The first major TMA category, here referred to as Present Imperfective, expresses activities, states and actions in the present, whether habitual or ongoing ((14) and ‎(15)). It also extends into the future when the realization seems certain. This category is recognized by its imperfective suffix that is added to the non-perfective stem, simultaneously displaying gender and number agreement through vowel modification: ‑uun (MSG), ‑iin (F), and ‑aan (MPL).

(14)

soo

čikaar

d-iin

 

3SG

crying

give-IPFV.F

 

‘She is crying.’

(15)

soo

tipä

y-uun

 

3SG

now

come-IPFV.MSG

 

‘He is coming now.’

The imperfective-forming segment has direct parallels in Palula and Sawi Present (Table 18). In both of those varieties, this accented segment is followed by a gender/number suffix (i.e. inflected like adjectives in those varieties), the former showing allomorphic alternation (in Sawi probably subphonemic (Buddruss 1967, 13)) motivated by assimilation with the vowel quality of the latter.

‘is/are sitting down’

Kalkoti

Palula

Sawi

MSG

biš-uun

bheš-áan-u

beeš-aan-oo

MPL

biš-aan

bheš-áan-a

beeš-aan-ee

FSG

biš-iin

bheš-éen-i

beeš-aa[ɛː]n-i

FPL

biš-iin

bheš-éen-im

beeš-aa[ɛː]n-e

Table 18: Partial paradigm for the verb ‘sit’ in Kalkoti with corresponding Palula and Sawi forms

Morgenstierne (1941, 22) as well as Buddruss (1967, 48) state that the segment goes back on the OIA present (active) participle –ant‑ (Whitney 2002, 220) , with numerous parallels in other NIA languages (Masica 1991, 270–271) . That is also suggested by Schmidt & Kohistani as the historical origin of the intransitive imperfective marker –aa‑ (as in sa yáazaano ‘he is walking’ , sa yáazaani ‘she is walking’) in Kohistani Shina (Schmidt and Kohistani 2008, 126–128). Regardless of the exact historical scenario (see Liljegren 2009, 50 for an alternative explanation), the allomorphic alternation in today’s Kalkoti is reflecting an earlier but in the aforementioned apocope process eroded final gender/number suffix. The historical participial form itself has probably entered the TMA system as an aspectual marker with a rather limited imperfective, perhaps progressive, use, but has steadily gained ground within the imperfective realm, marginalising the former present tense to the subjunctive or contingent future, thus establishing itself (in its non-extended form) as the sole marker of present-tense reference, a development shared with many other NIA languages (Masica 1991, 288).

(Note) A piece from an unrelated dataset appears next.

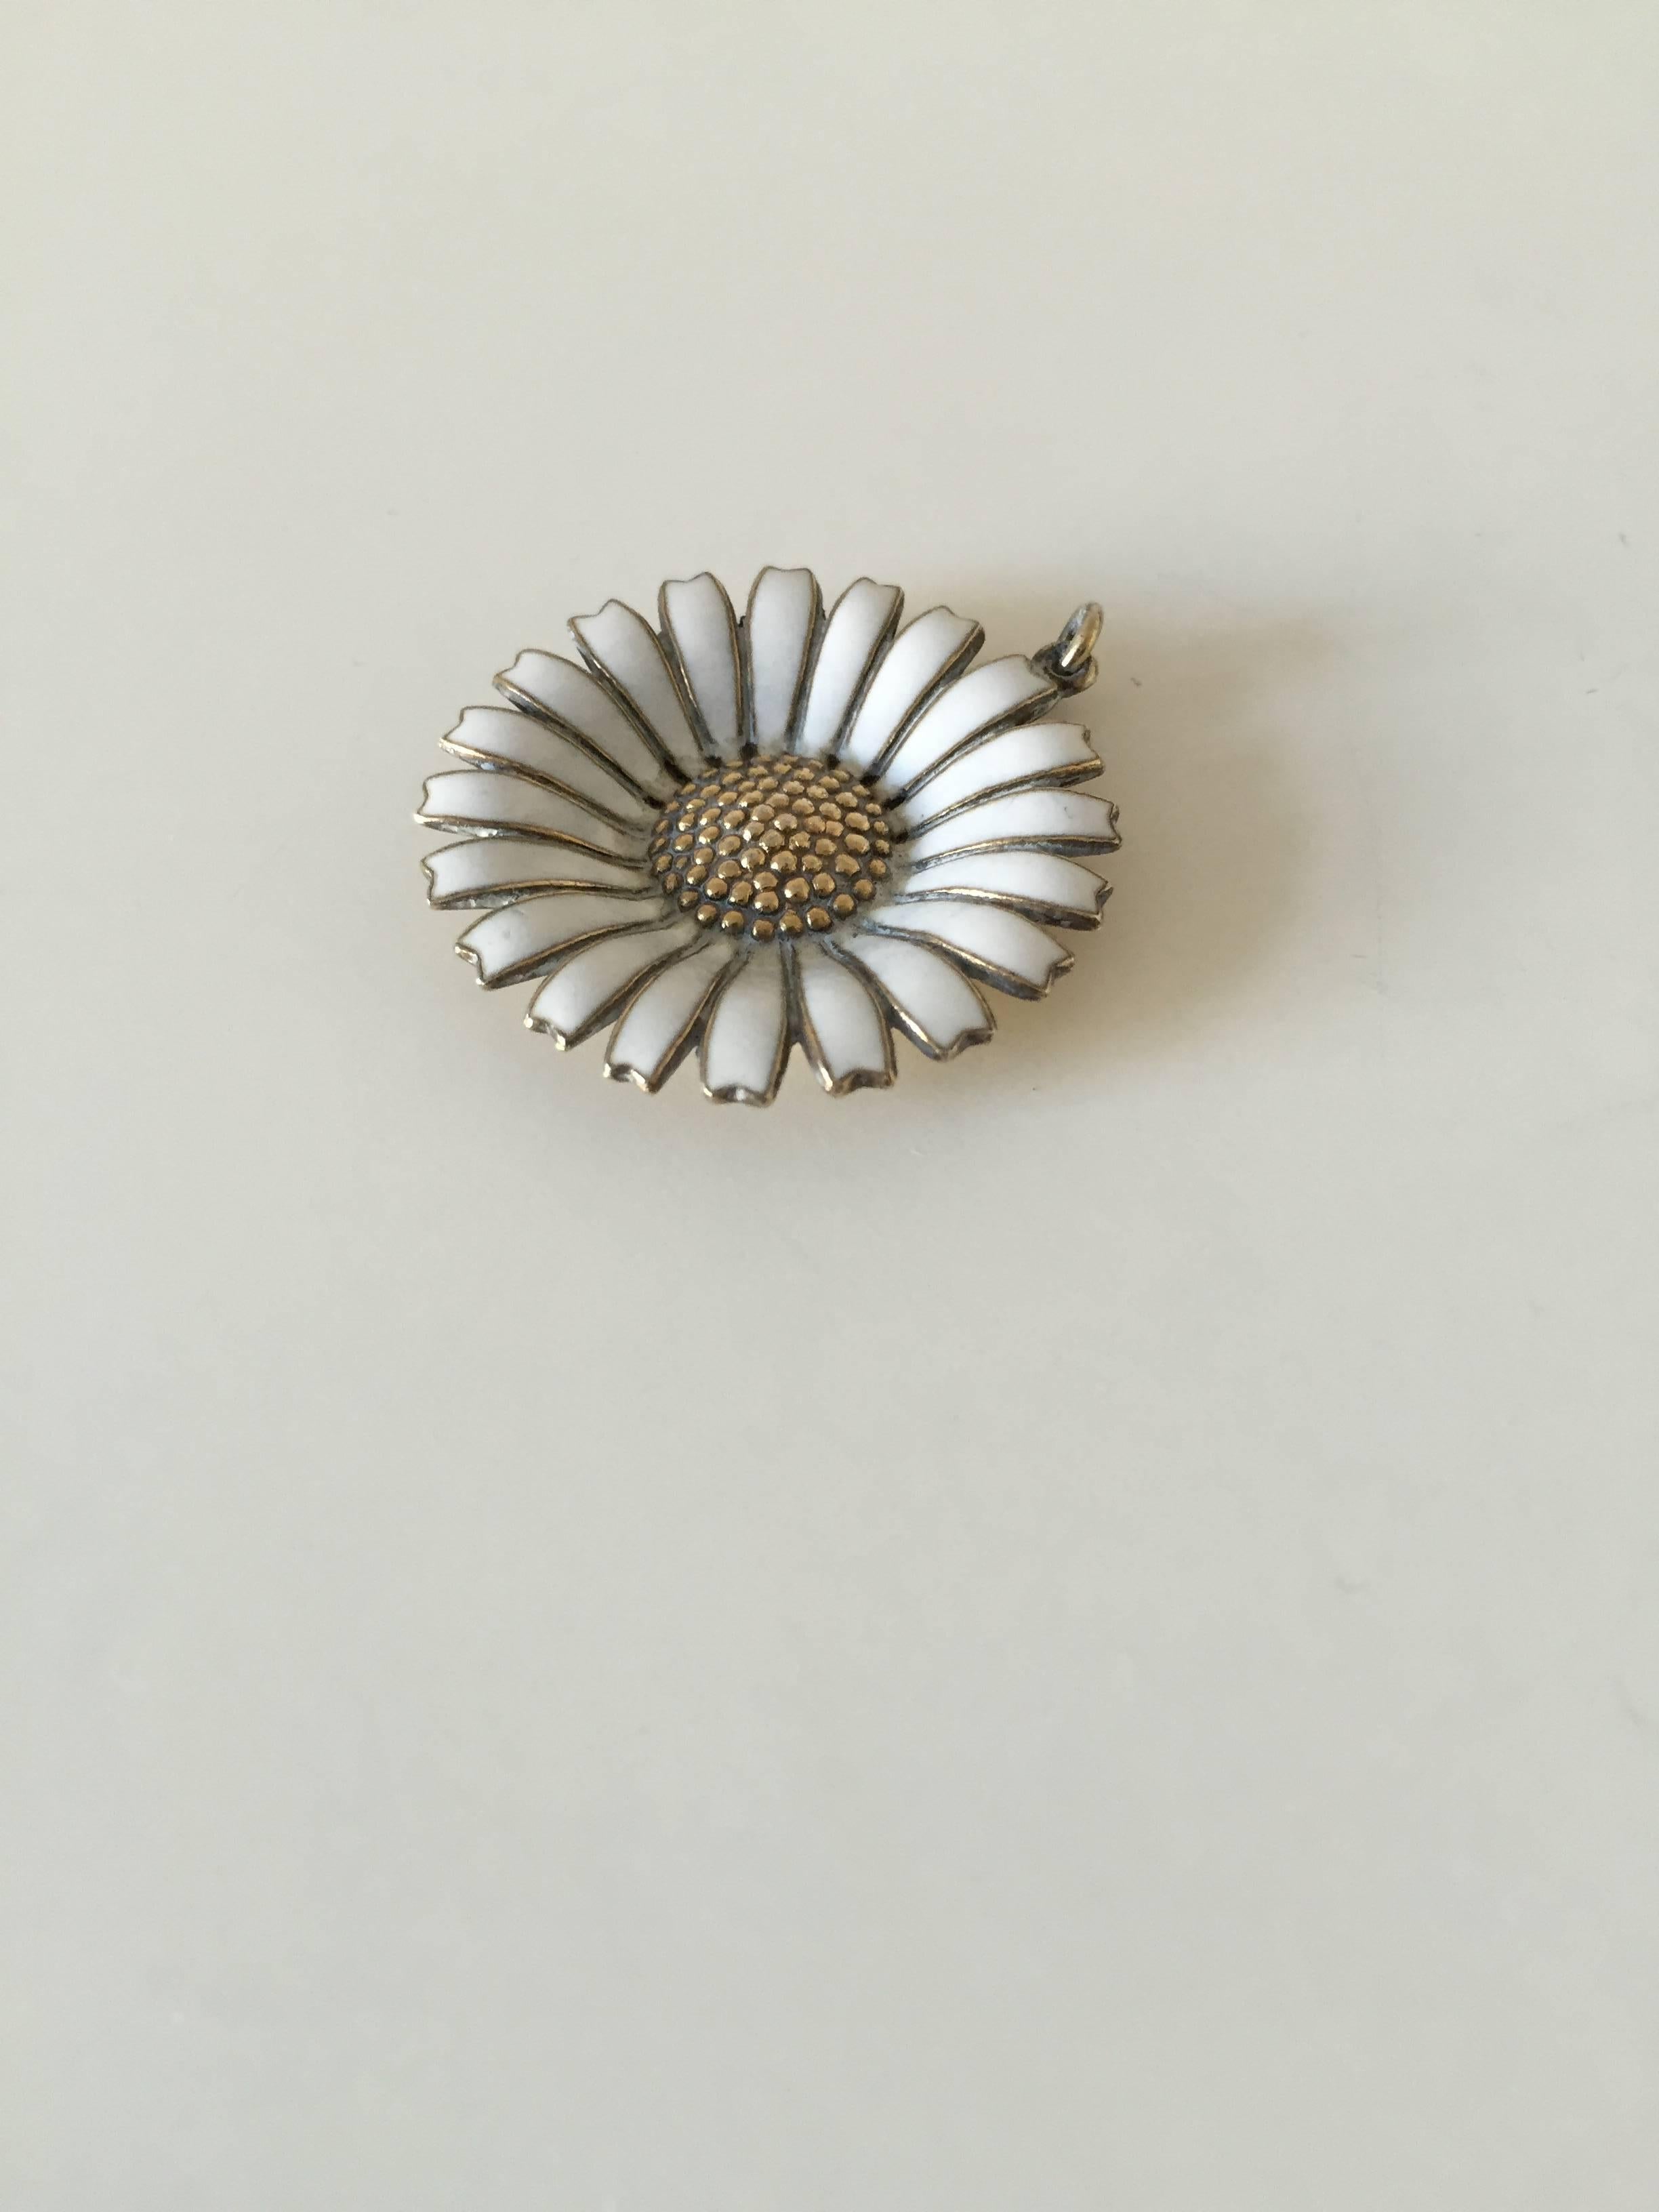 A large Anton Michelsen daisy pendant in gilded sterling silver and white enamel. 

The pendant measures 3 cm in diameter and is in perfect condition.

The other major TMA category, the Simple Past, is in most cases identical to the perfective stem. It expresses activities, states and actions in the past that are completed (examples ‎(16) and ‎(17)). It also characterizes the storyline of narrative discourse (Longacre 1996, 21). Usually no gender or number differentiation occurs, but there are some exceptions, especially among verbs with otherwise irregular paradigms (ɡoo MSG , ɡee F ‘went’; yaal MSG , yeel F ‘came’).

(16)

räs

räl

suwaa

mälɡir

bääḍ

äsil

 

3SG.OBL

on

we

all

companions

much

laugh.PFV

 

‘To that we all laughed heartily.’

(17)

thi

kitaab

ɡiin=ää

 

2SG.ERG

book

take.PFV=Q

 

‘Did you take the book?’

Again, we do not need to look far and wide to find close parallels in other Shina varieties, in form as well as in function (Table 19). In Palula and in Sawi alike, the Simple Past (Buddruss’ (1967, 50–52) Präteritum) makes use of the perfective stem, which is recognized by the final l-element occurring in the typical case. In both varieties there is a closed or residual class (or several such subclasses) with perfectives that are either formed with a final t-element (sometimes due to assimilation realised as another plosive) or have a stem that more radically differs from the corresponding non-perfective stem. Cognate verbs are often found in the same form category in the three varieties. While a gender/number agreement morpheme (identical to the ones occurring with the Present Imperfective) must be added to the perfective stem in the Palula/Sawi Simple Past that is never the case in Kalkoti. Again, that difference must be attributed to the apocope process. In a few verbs with a final long stem vowel in the perfective stem, agreement is expressed by vowel quality alone.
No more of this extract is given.